5 Things to do to Prepare for Extending Payment Terms with your Suppliers

Spend Matters welcomes this guest post from Tom Levene, of The Hackett Group.

Do you pay your suppliers too quickly? New research by The Hackett Group has indicated that 32% of respondents are planning to extend their supplier payment terms. Additionally, our benchmark studies show that many organizations trail industry peers in the key supplier cash flow measure, days payable outstanding (DPO). In these organizations, responsibility for payment terms often spans multiple functions with differing priorities or the value of working capital is not well appreciated.

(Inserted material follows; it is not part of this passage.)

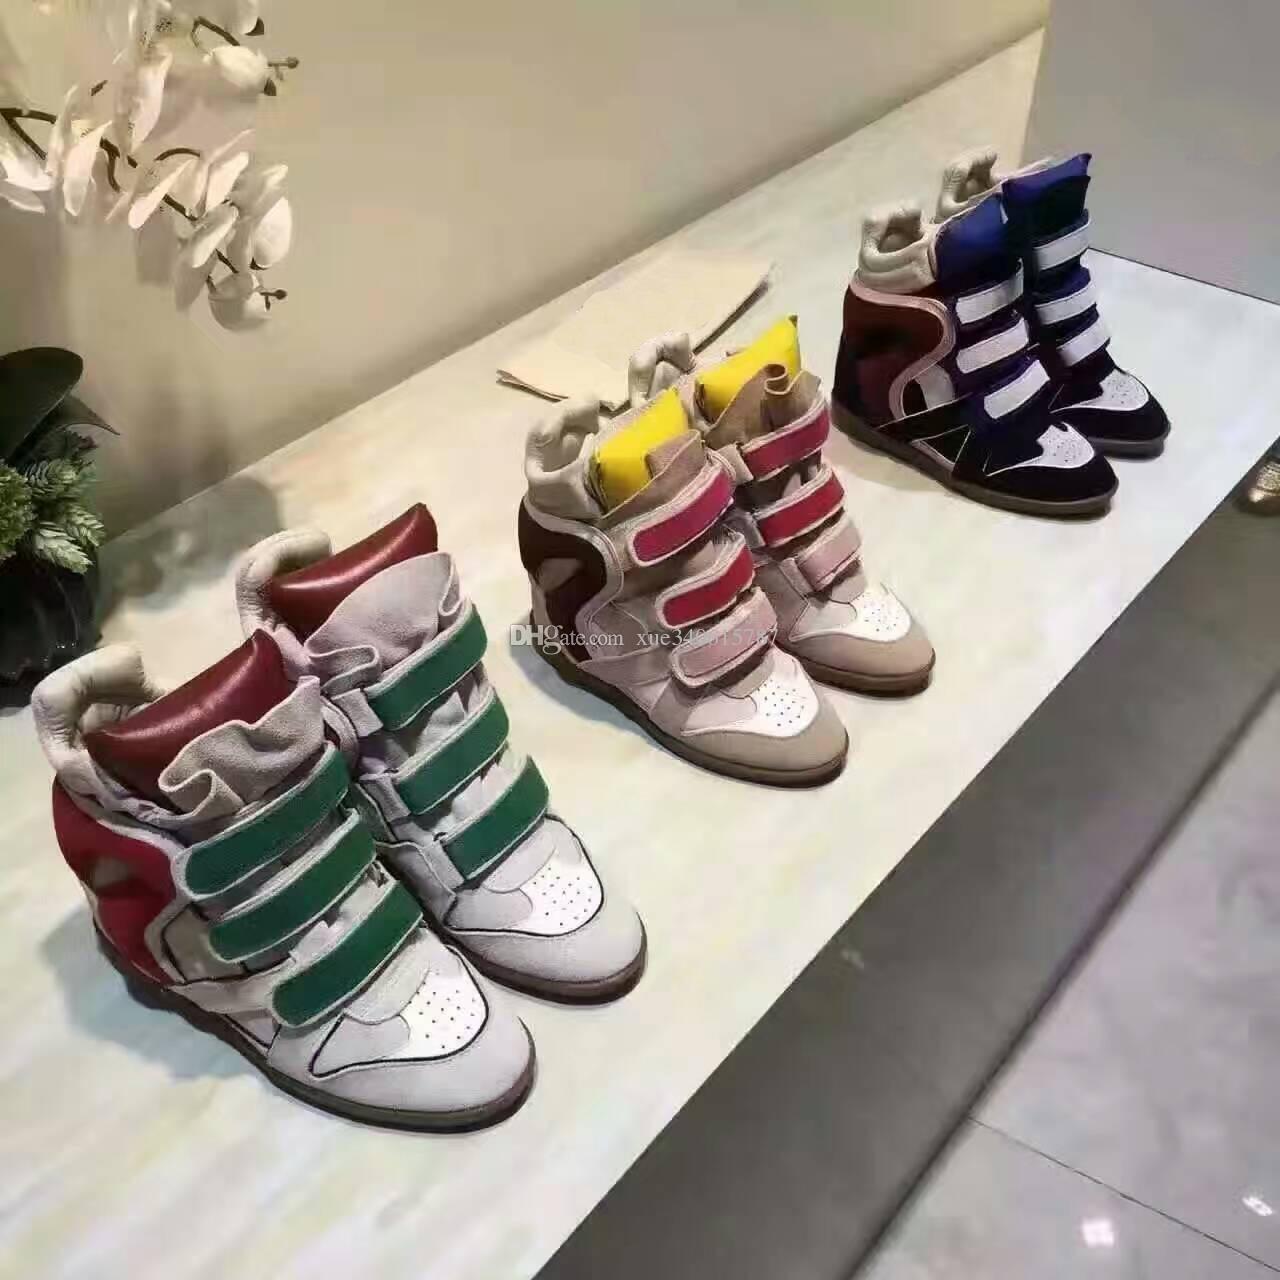 2016 neueste frauen Marke Design Bekett Schuhe Aus Echtem Leder Höhe Zunehmende High-top Wildleder Verdeckte Keil Stiefel Schuhe

Pursuing a payment term extension program with suppliers can unlock value in your supply chain, but to maximize this value, preparation is key.

1. Know Where you Stand

Knowledge of your position is essential to an effective negotiation. Many organizations may not have full visibility into one or more of the following: how much is spent, with whom, by whom, for what and at what terms. In these cases, the first step is a data cleansing, category mapping and spend analysis exercise.

2. Set a Goal for Each Supplier

To achieve success, you need to establish short and long-term goals. Once you understand your spend, take a data-driven approach to set target payment terms for each supplier. The factors to consider when establishing your targets are:

    • The supplier’s days sales outstanding (DSO) — a proxy for your supplier’s receivables collection time — a valuable data point to understand what payment term may be achievable. Note that DSO (and other working capital ratios) are imperfect measures and can be misleading in certain industries (e.g., financial institutions).
    • A benchmark of the DSO based on the supplier’s industry — especially valuable for private companies
    • The DPO of your peers/competitors
    • Your current best available payment terms with the supplier — should act as a floor for term targets; even harmonizing from multiple terms to the best transacted term can be a huge win
    • Prominent/benchmark payment terms for your supplier’s industry, if available

Note that naturally some industries require faster payment than others. For example, the DSO for hotels and restaurants is 21 days while professional services are 67 days. Terms vary by geography as well. For example, small companies in Europe are protected by payment terms regulations.

3. Know Your Tradeoff

Flexibility is key to maximizing the value of your trade credit. You can offer to pay suppliers early in exchange for a discount. Employees should be trained to understand the working capital trade-off between days and discounts. If your cost of capital is 7%, a 1% early pay discount has the same value as a 52-day increase in payment terms (equal to 1%÷7%×365 days). The higher your cost of capital, the more valuable discounts are. However, it is important to balance terms extension with increased discounts. Days extension is often less salient than discounts and is less likely to open the door to other points of negotiation that you’d prefer to avoid (e.g., price). An approach we have had success with is to lead with a terms extension then offer a prompt pay discount as an alternative if the supplier balks at receiving later payment.

4. Don’t Negotiate with Everyone

It may seem a counterintuitive negotiations preparation step, but negotiating with every supplier is inefficient or impractical. The overwhelming majority of suppliers can be moved to improved terms without any negotiations. In addition to selecting suppliers to exclude from negotiations based on lower annual spend, be sure to engage stakeholders to identify strategic or operations-critical suppliers for direct negotiations or outright removal from the terms improvement program. While there is tremendous value in optimizing payment terms, the value will erode quickly if operations are disrupted. Once identified, send small-spend and less strategic suppliers a letter or email announcing that company policy is changing and future transactions will be at the new standard terms. Some suppliers will reject the terms (prepare an escalation plan in advance), but clients tend to get a remarkably low response rate (e.g., typically a low single-digit percentage). There is often more reticence from internal parties about supplier pushback than actual pushback.

5. Remember These Tips as you Approach Direct Negotiations

    • Ensure your counterpart is authorized to change payment terms or you may have to repeat the exercise with someone who is
    • Aim high — you will never get more than you ask for. Your targets are backed by data; do not fear offending suppliers.
    • You are not singling any one supplier out; all suppliers are being addressed. Communicating this fact applies social pressure to suppliers and puts the onus on them to justify exceptions.
    • Know what you are willing to offer. Terms can often be extended without giving up anything if the data show that the current term is too short, but be prepared to respond to potential counteroffers and alternatives like enrolling the supplier in your p-card payment program.

Congratulations! If you completed the above steps, you have prepared for payment term optimization in a systematic and data driven way. You are ready to negotiate with your suppliers and free up cash for your organization.